EX—The new test to measure anxiety in children was administered to two new samples of children to check the validity of the initial validation.
This cross-validation was necessary because chance and other factors such as cultural differences and SES may have influenced the original validation.
Reliability (types of)
in research design, reliability is the extent to which a test or measure yields consistent results, or the extent to which a measurement is free of measurement error. It is the first characteristic of psychometric soundness.
Types:
1.Test/retest - used to evaluate the error associated with a test taken by the same individual at two different times.
- Parallel-forms reliability, two separate but equivalent forms of a test are developed and the scores between them are correlated.
- Split-half (also known as internal-consistency) reliability, one test is split in half and then the two halves are correlated with each other.
- Inter-rater reliability is the correlation between different raters’ scorings; evaluates observer differences
Example:
When developing a new version of an IQ test, developers administered the test at several different times to evaluate the instrument’s test-retest reliability.
Standard deviation
this is the average amount that scores differ from the mean score of a distribution. The standard deviation is a highly useful measure of the variability of a set of scores. The standard deviation is found by taking the square root of the variance, which is the average squared deviation around the mean.
A psychologist administered a criterion referenced test to assess student knowledge of sexual harassment. (0-100) . In the first group, the mean score was 70 and the standard deviation was 4. This means that overall the subjects were similar (indicated by the mean of 70) and also that most of them tended to score pretty close to 70 (indicated by the standard deviation of 4).

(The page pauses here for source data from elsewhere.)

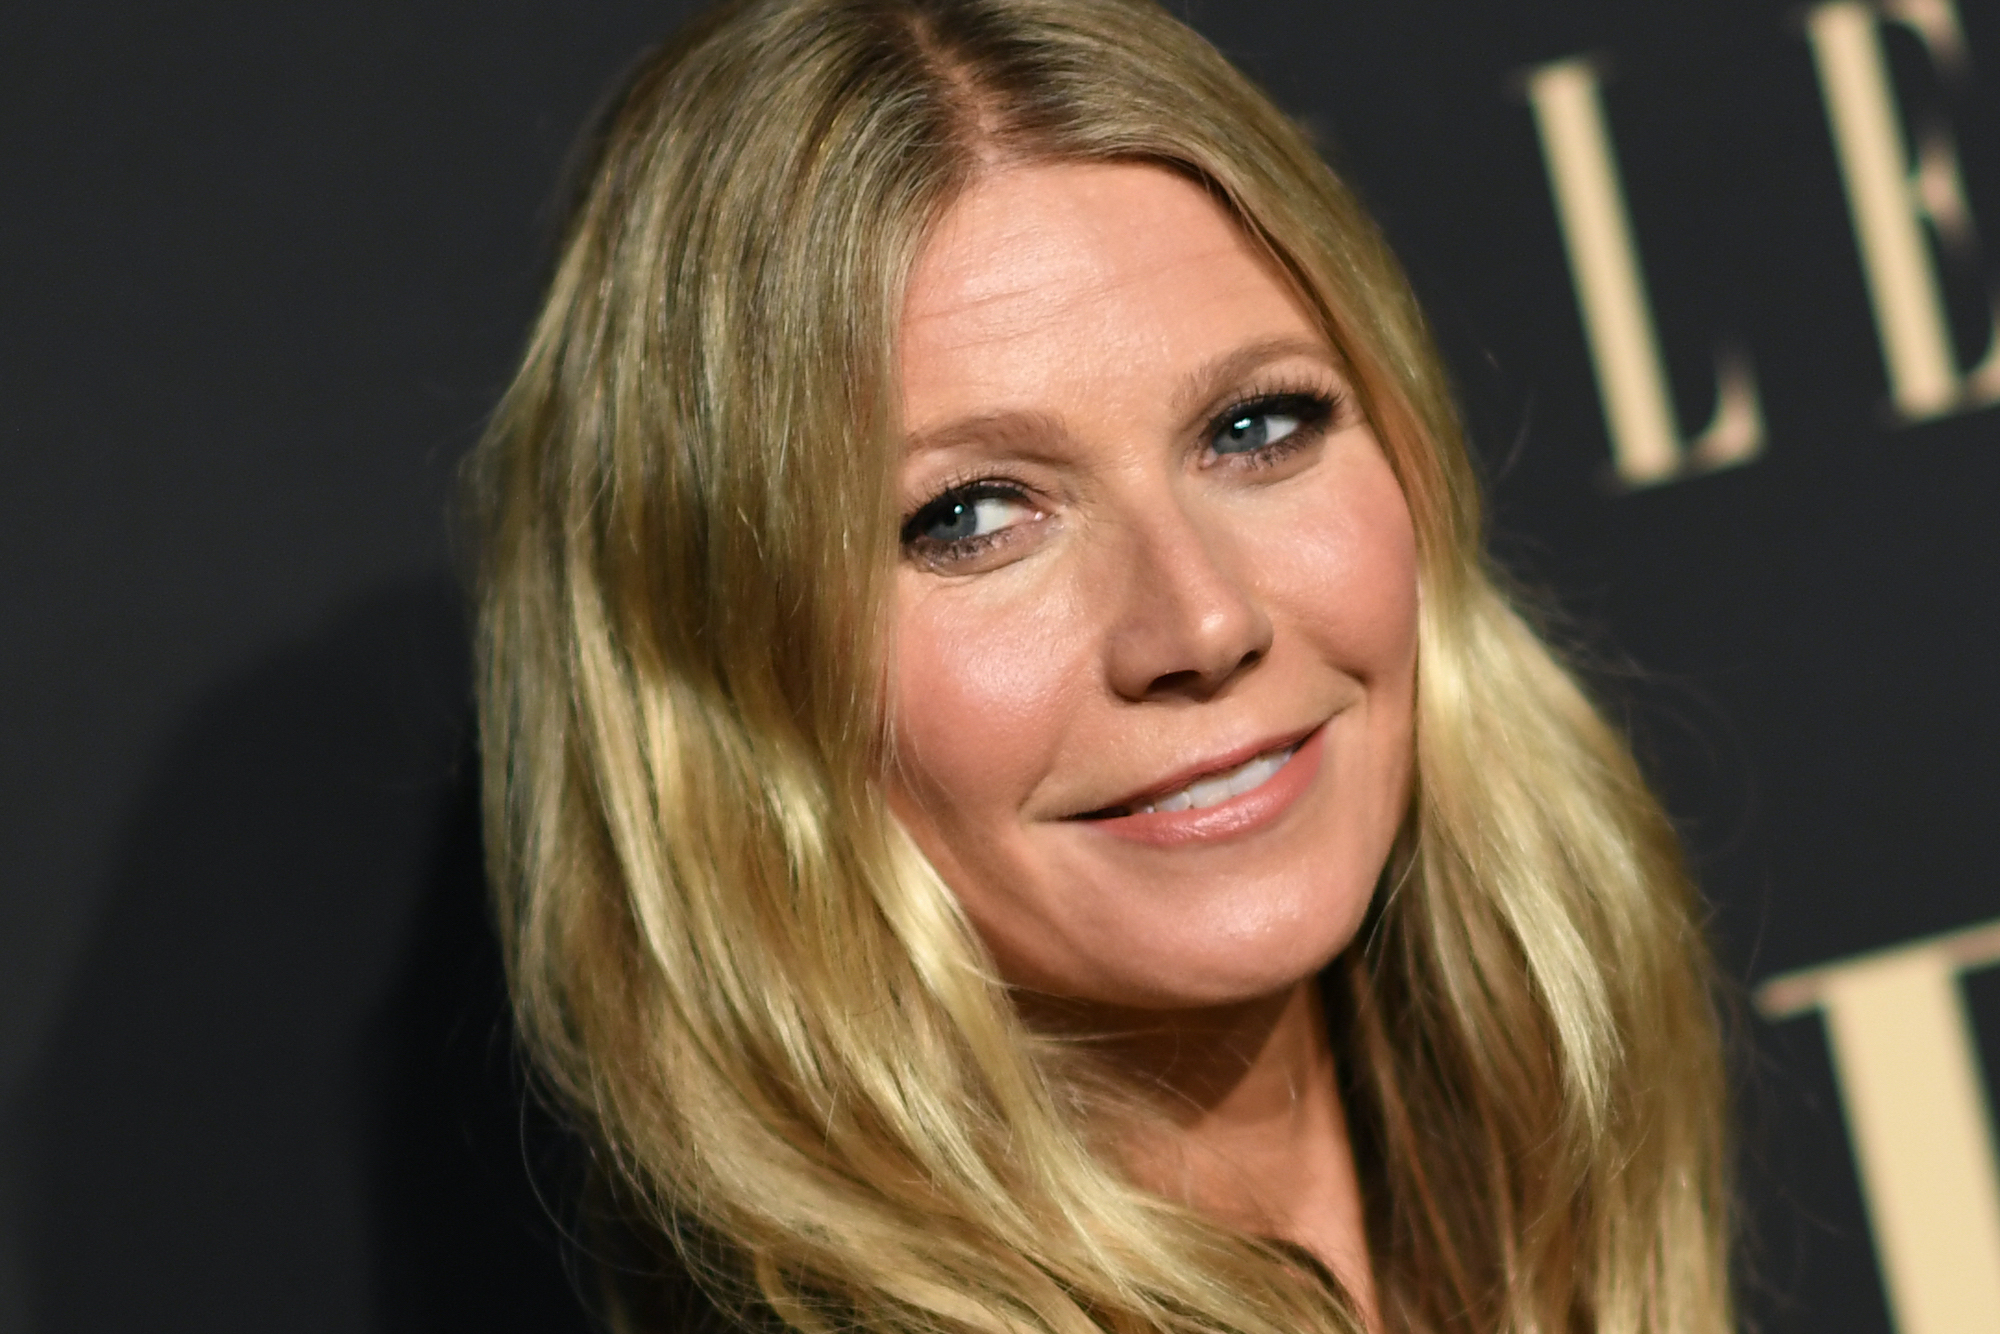 Paltrow Has Showed Off Her Singing Talents in More than 1 Movie
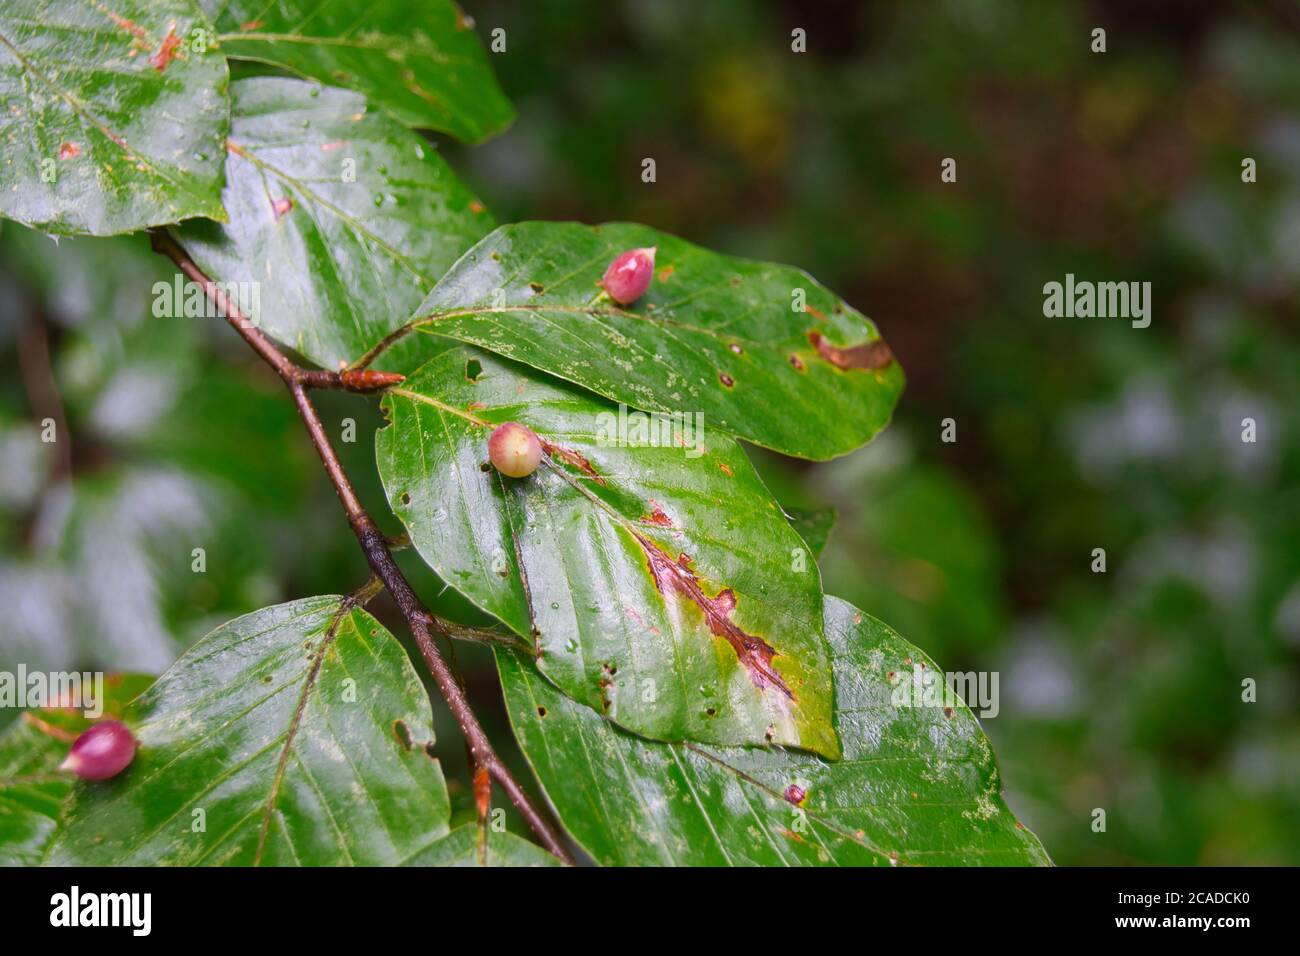 Macro of many Galls or cecidia outgrow of Galls wasp eggs on the surface of Fagus leaves Stock Photo
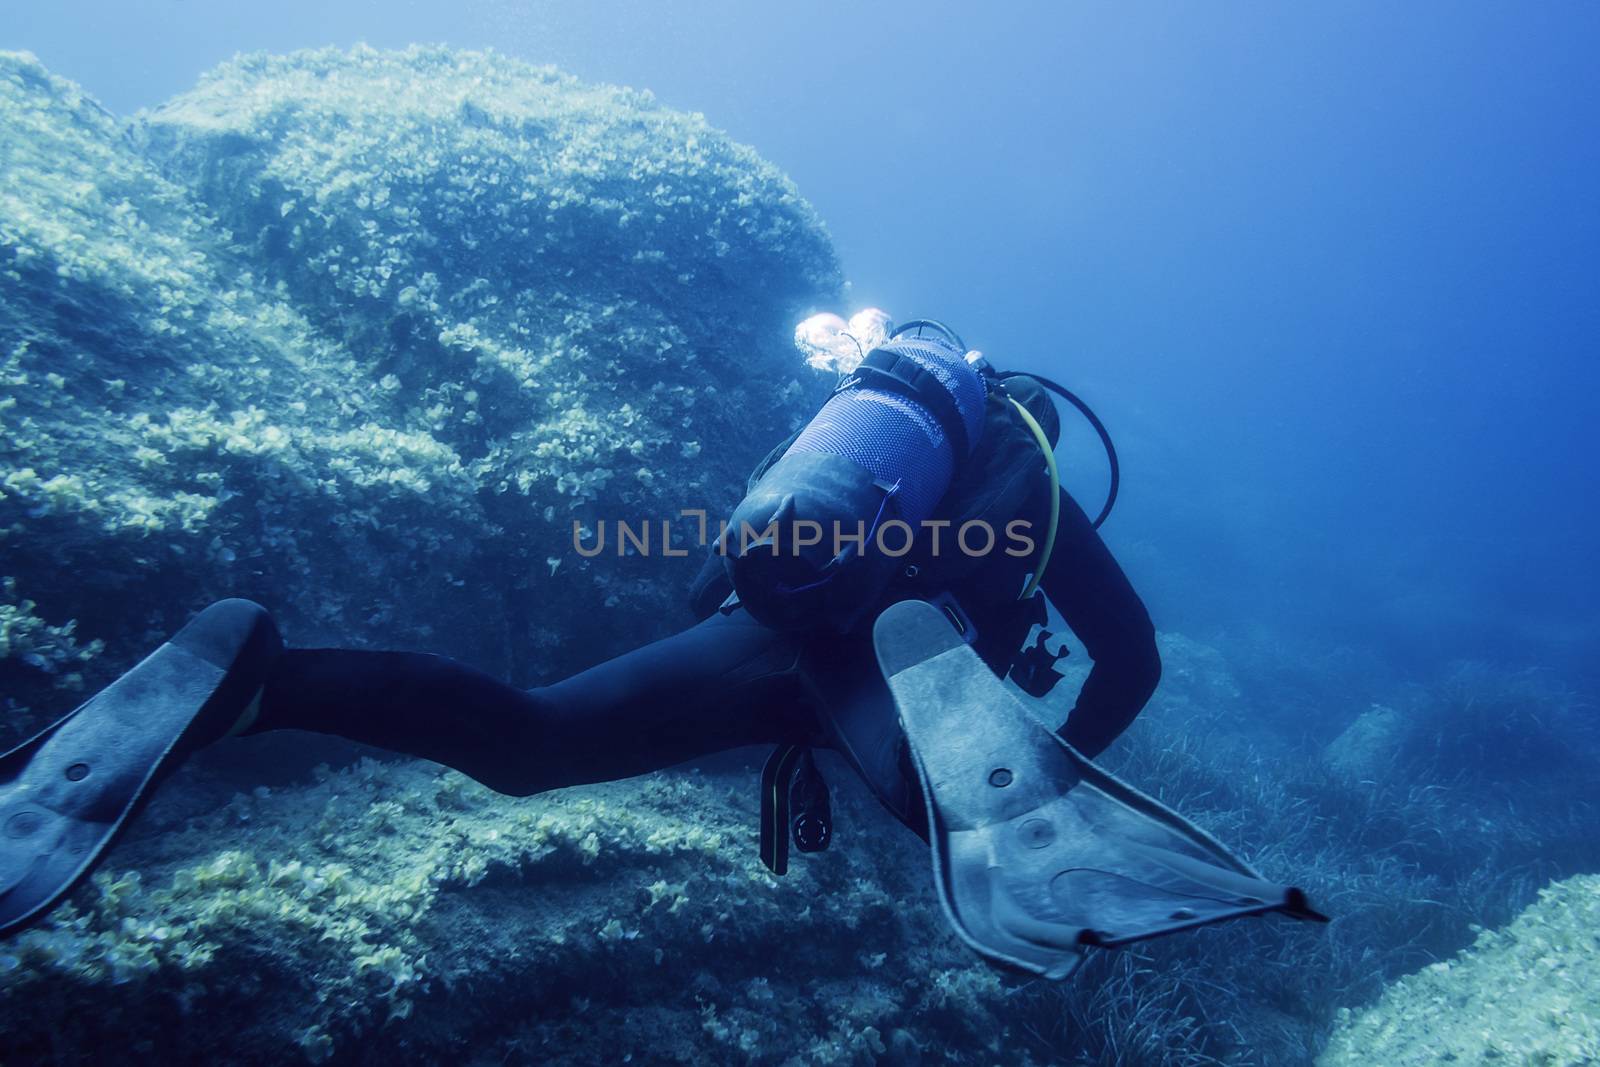 diver submerged near the bottom rocks, the water is blue and turquoise, the stones are covered with small algae. The diver turns his back to the camera and his fins are in the foreground

In the second group, the mean score was also 70 but the standard deviation was 20. Although one still might say that overall the students did OK (indicated by the mean of 70), the high standard deviation indicates that there was a lot of variability. Some students must have scored quite low and others must have scored quite high. So even though the means were the same, the standard deviations paint very different pictures of student performance on these exams.
Standard error of measurement
- -The standard error of measurement (SEM) estimates how repeated measures of a person on the same instrument tend to be distributed around his or her “true” score. The true score is always unknown because no measure can be constructed that provides a perfect reflection of the true score.
- -The SEM can be used to estimate the interval in which an individual’s true score would be expected to fall. It also reminds the evaluator that the test score is just an estimate and is not exact.
- – SEM has an inverse relationship with the reliability coefficient; the higher the reliability of a test the lower the SEM.
Using the 68% confidence level if a child receives an IQ
test score of 100 with a SEM of three (3) points, there is a 68% probability that the child’s true score falls within the
range of 97 to 103. It would not be appropriate to select the highest or lowest numbers within that range as the best estimate of the child’s true score.
In fact, the best estimate of any child’s true score on a given test is the obtained score–given appropriate test administration procedures are followed, there is good effort and motivation
on the part of the examinee, and there are no conditions within the testing situation that would significantly influence test scores.